In [1]:
import numpy as np
import pandas as pd
from sklearn.feature_extraction.text import TfidfVectorizer
from sklearn.feature_extraction.text import CountVectorizer
from sklearn.ensemble import RandomForestClassifier
from sklearn.metrics import accuracy_score, roc_auc_score
from sklearn.model_selection import GridSearchCV

# Data tokenization

In [2]:
def get_boolean_representation(corpus, stop_words_list='english'):
    vectorizer = CountVectorizer(binary=True, stop_words=stop_words_list)
    X = vectorizer.fit_transform(corpus)
    voc = vectorizer.get_feature_names_out()
    return X.toarray(), voc

def get_tf_representation(corpus, stop_words_list='english'):
    vectorizer = CountVectorizer(binary=False, stop_words=stop_words_list)
    X = vectorizer.fit_transform(corpus)
    voc = vectorizer.get_feature_names_out()
    return X.toarray(), voc

def get_tf_idf_representation(corpus, stop_words_list='english'):
    vectorizer = TfidfVectorizer(stop_words=stop_words_list)
    X = vectorizer.fit_transform(corpus)
    voc = vectorizer.get_feature_names_out()
    return X.toarray(), voc

# Random forest

In [3]:
index_train = np.load('../data/array_idx_train.npy')
index_val = np.load('../data/array_idx_val.npy')

df = pd.read_csv('../data/DataFrame_train_preprocessing_V2.csv')

representation_boolean, vocabulary = get_boolean_representation(df['text'].apply(lambda x : x.lower()))
representation_tf, _ = get_tf_representation(df['text'].apply(lambda x : x.lower()))
representation_tf_idf, _ = get_tf_idf_representation(df['text'].apply(lambda x : x.lower()))

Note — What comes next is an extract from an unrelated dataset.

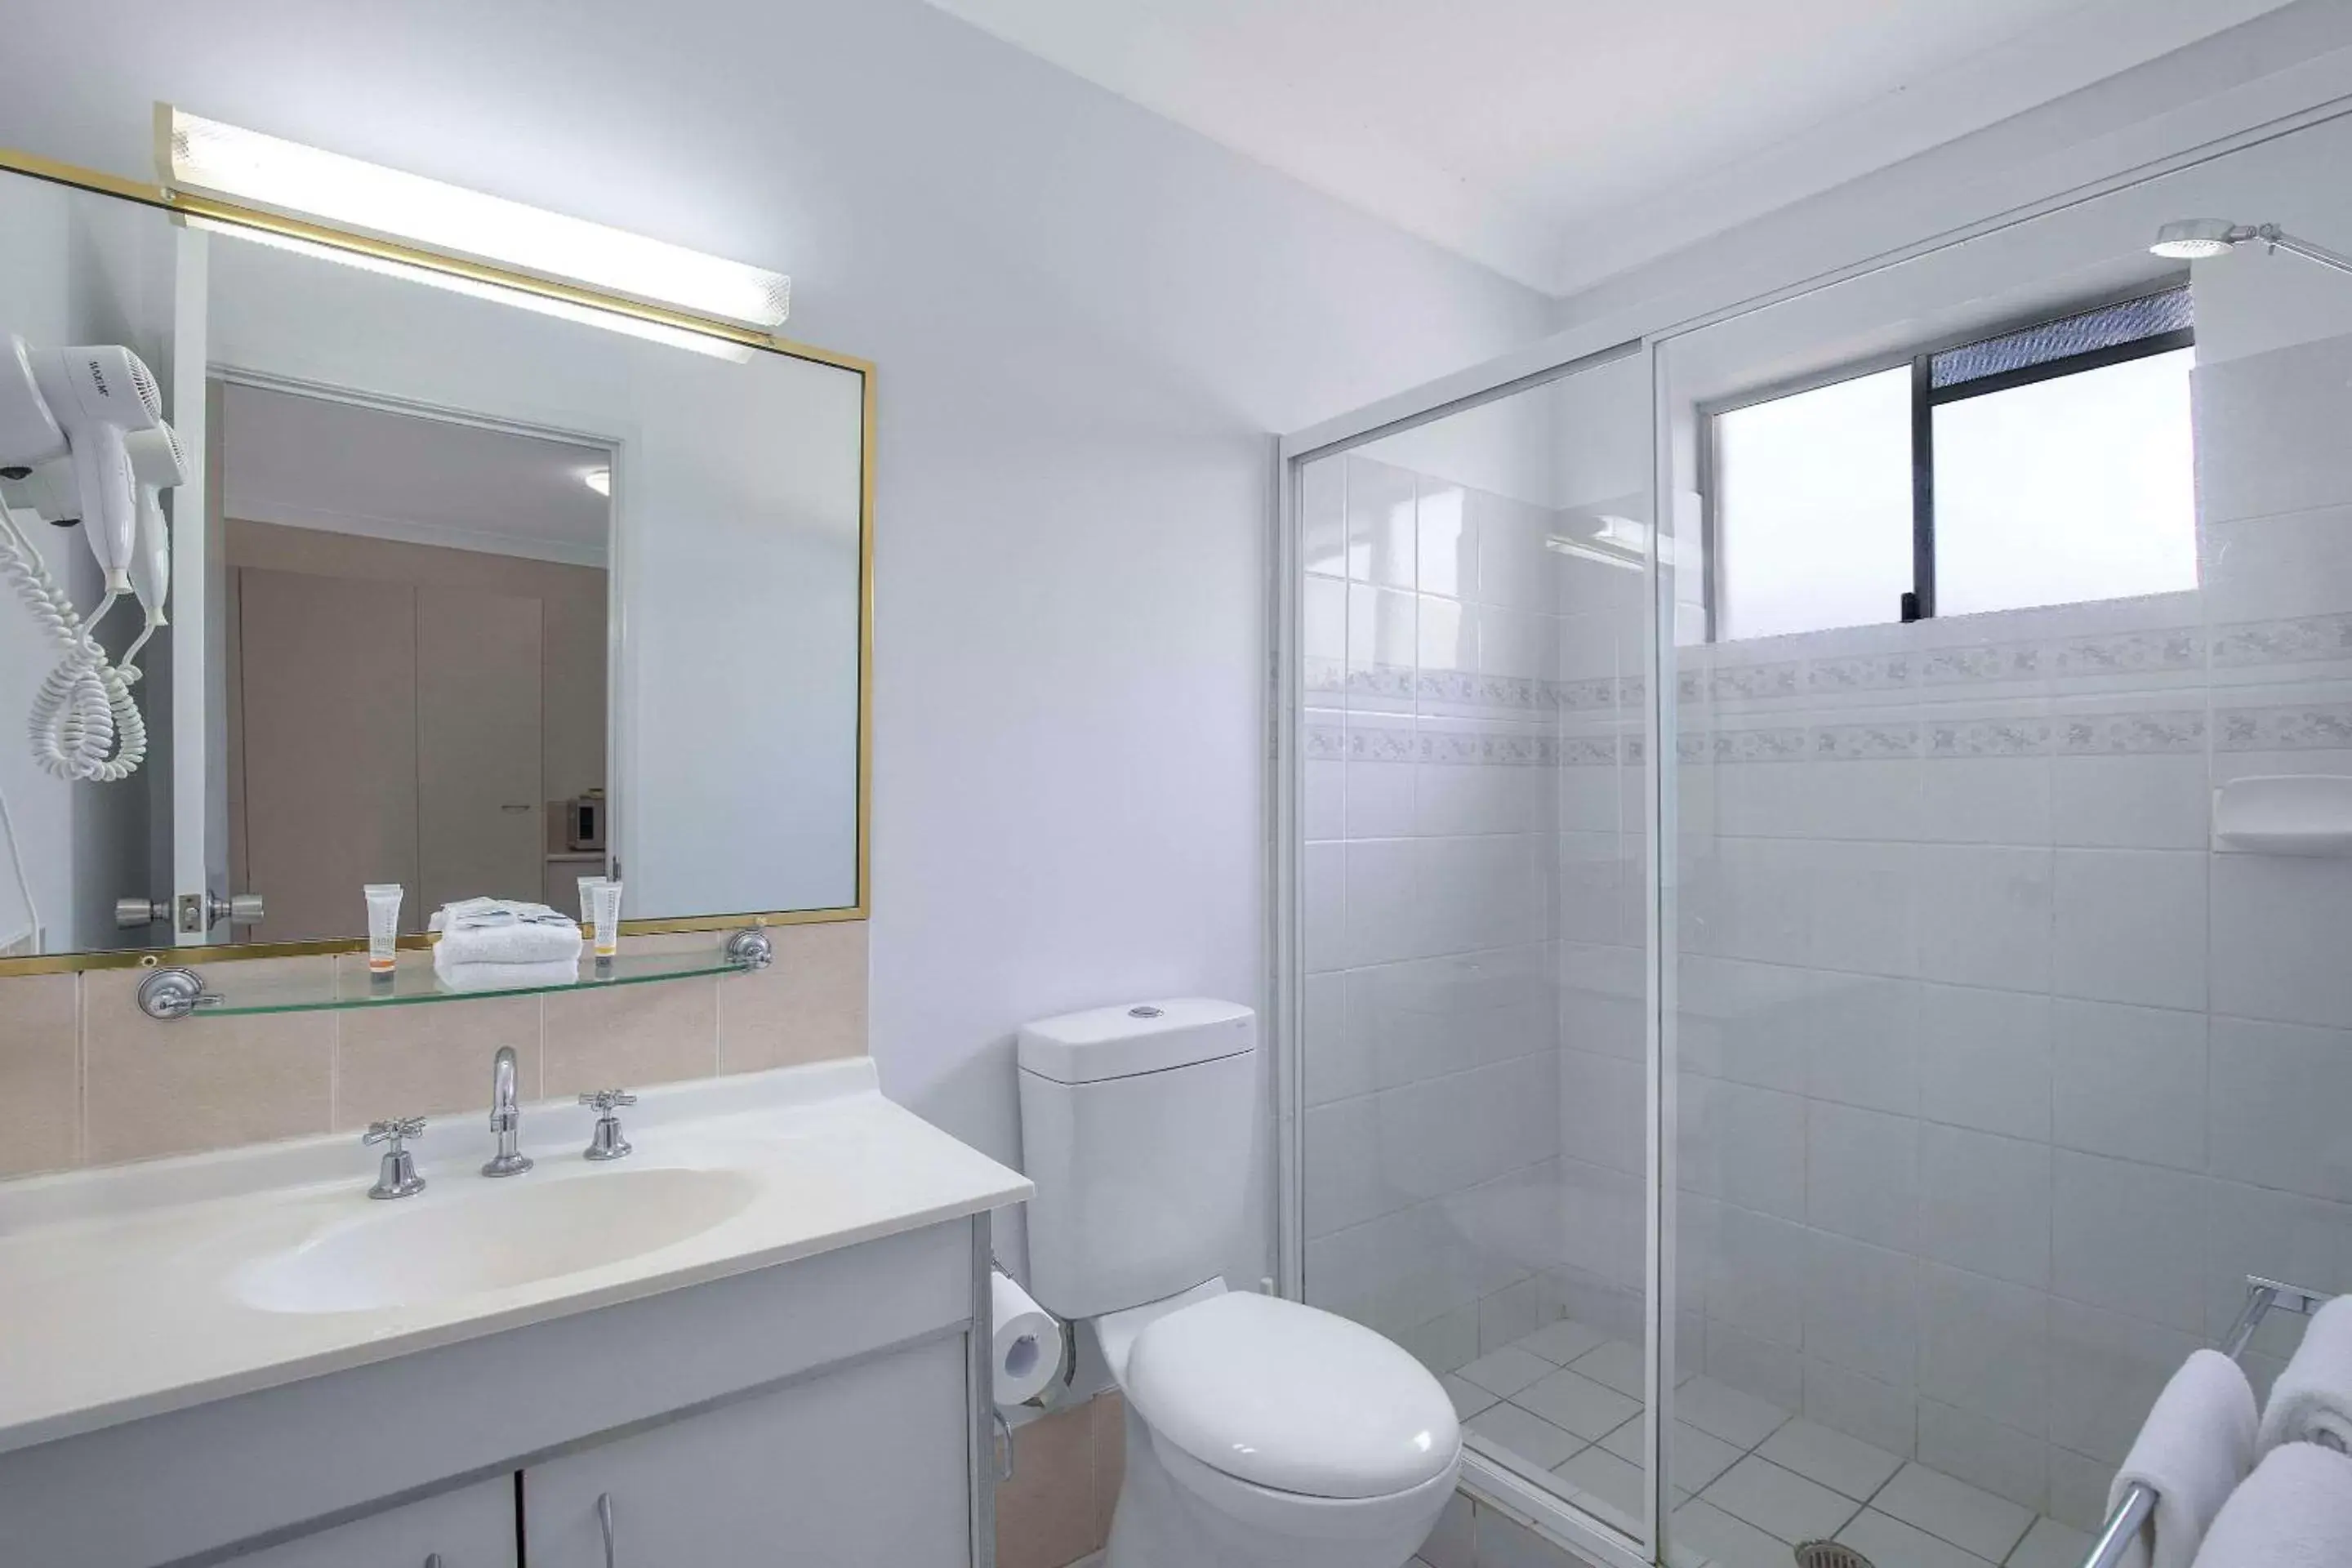 Bedroom, Bathroom in Comfort Inn North Brisbane

y_train = df.loc[index_train, 'label']
y_val = df.loc[index_val, 'label']

del df

x_train_boolean = representation_boolean[index_train]
x_val_boolean = representation_boolean[index_val]

x_train_tf = representation_tf[index_train]
x_val_tf = representation_tf[index_val]

x_train_tf_idf = representation_tf_idf[index_train]
x_val_tf_idf = representation_tf_idf[index_val]

# Cross validation

In [5]:
parameters_to_tune = {'criterion' : ['gini'],
                      'n_estimators' : [2, 4, 5, 10],
                      'max_depth' : [3, 4, 5],
                      'max_features' : [0.25, 0.75],
                      'class_weight' : ['balanced']
                      }

model_to_tune = RandomForestClassifier(random_state=0)
model = GridSearchCV(model_to_tune, parameters_to_tune, scoring='roc_auc', verbose=2).fit(x_train_boolean, y_train)
print('Best score', model.best_score_, 'for parameters', model.best_params_)

Fitting 5 folds for each of 24 candidates, totalling 120 fits
[CV] END class_weight=balanced, criterion=gini, max_depth=3, max_features=0.25, n_estimators=2; total time=   1.0s
[CV] END class_weight=balanced, criterion=gini, max_depth=3, max_features=0.25, n_estimators=2; total time=   0.7s
[CV] END class_weight=balanced, criterion=gini, max_depth=3, max_features=0.25, n_estimators=2; total time=   0.6s
[CV] END class_weight=balanced, criterion=gini, max_depth=3, max_features=0.25, n_estimators=2; total time=   0.5s
[CV] END class_weight=balanced, criterion=gini, max_depth=3, max_features=0.25, n_estimators=2; total time=   0.5s
[CV] END class_weight=balanced, criterion=gini, max_depth=3, max_features=0.25, n_estimators=4; total time=   0.8s
[CV] END class_weight=balanced, criterion=gini, max_depth=3, max_features=0.25, n_estimators=4; total time=   0.8s
[CV] END class_weight=balanced, criterion=gini, max_depth=3, max_features=0.25, n_estimators=4; total time=   0.8s
[CV] END class_wei

# Boolean representation

In [12]:
model = RandomForestClassifier(random_state=0,  criterion = 'gini', max_depth = 5, max_features = 0.25, class_weight= 'balanced', n_estimators=20).fit(x_train_boolean, y_train)
y_predict = model.predict(x_val_boolean)

acc = accuracy_score(y_val, y_predict)
aucroc = roc_auc_score(y_val, y_predict)

print('**Boolean representation**')
print('accuracy', acc, 'auc-roc', aucroc)

**Boolean representation**
accuracy 0.97 auc-roc 0.9508870214752567


# TF representation

In [22]:
model = RandomForestClassifier(random_state=0,  criterion = 'gini', max_depth = 5, max_features = 0.25, class_weight= 'balanced', n_estimators=20).fit(x_train_tf, y_train)
y_predict = model.predict(x_val_tf)

acc = accuracy_score(y_val, y_predict)
aucroc = roc_auc_score(y_val, y_predict)

print('**TF representation**')
print('accuracy', acc, 'auc-roc', aucroc)

**TF representation**
accuracy 0.975 auc-roc 0.9583566760037349


# TF-IDF representation

In [30]:
model = RandomForestClassifier(random_state=0,  criterion = 'gini', max_depth = 5, max_features = 0.25, class_weight= 'balanced', n_estimators=20).fit(x_train_tf_idf, y_train)
y_predict = model.predict(x_val_tf_idf)

acc = accuracy_score(y_val, y_predict)
aucroc = roc_auc_score(y_val, y_predict)

print('**TF-IDF representation**')
print('accuracy', acc, 'auc-roc', aucroc)

**TF-IDF representation**
accuracy 0.97 auc-roc 0.9551820728291316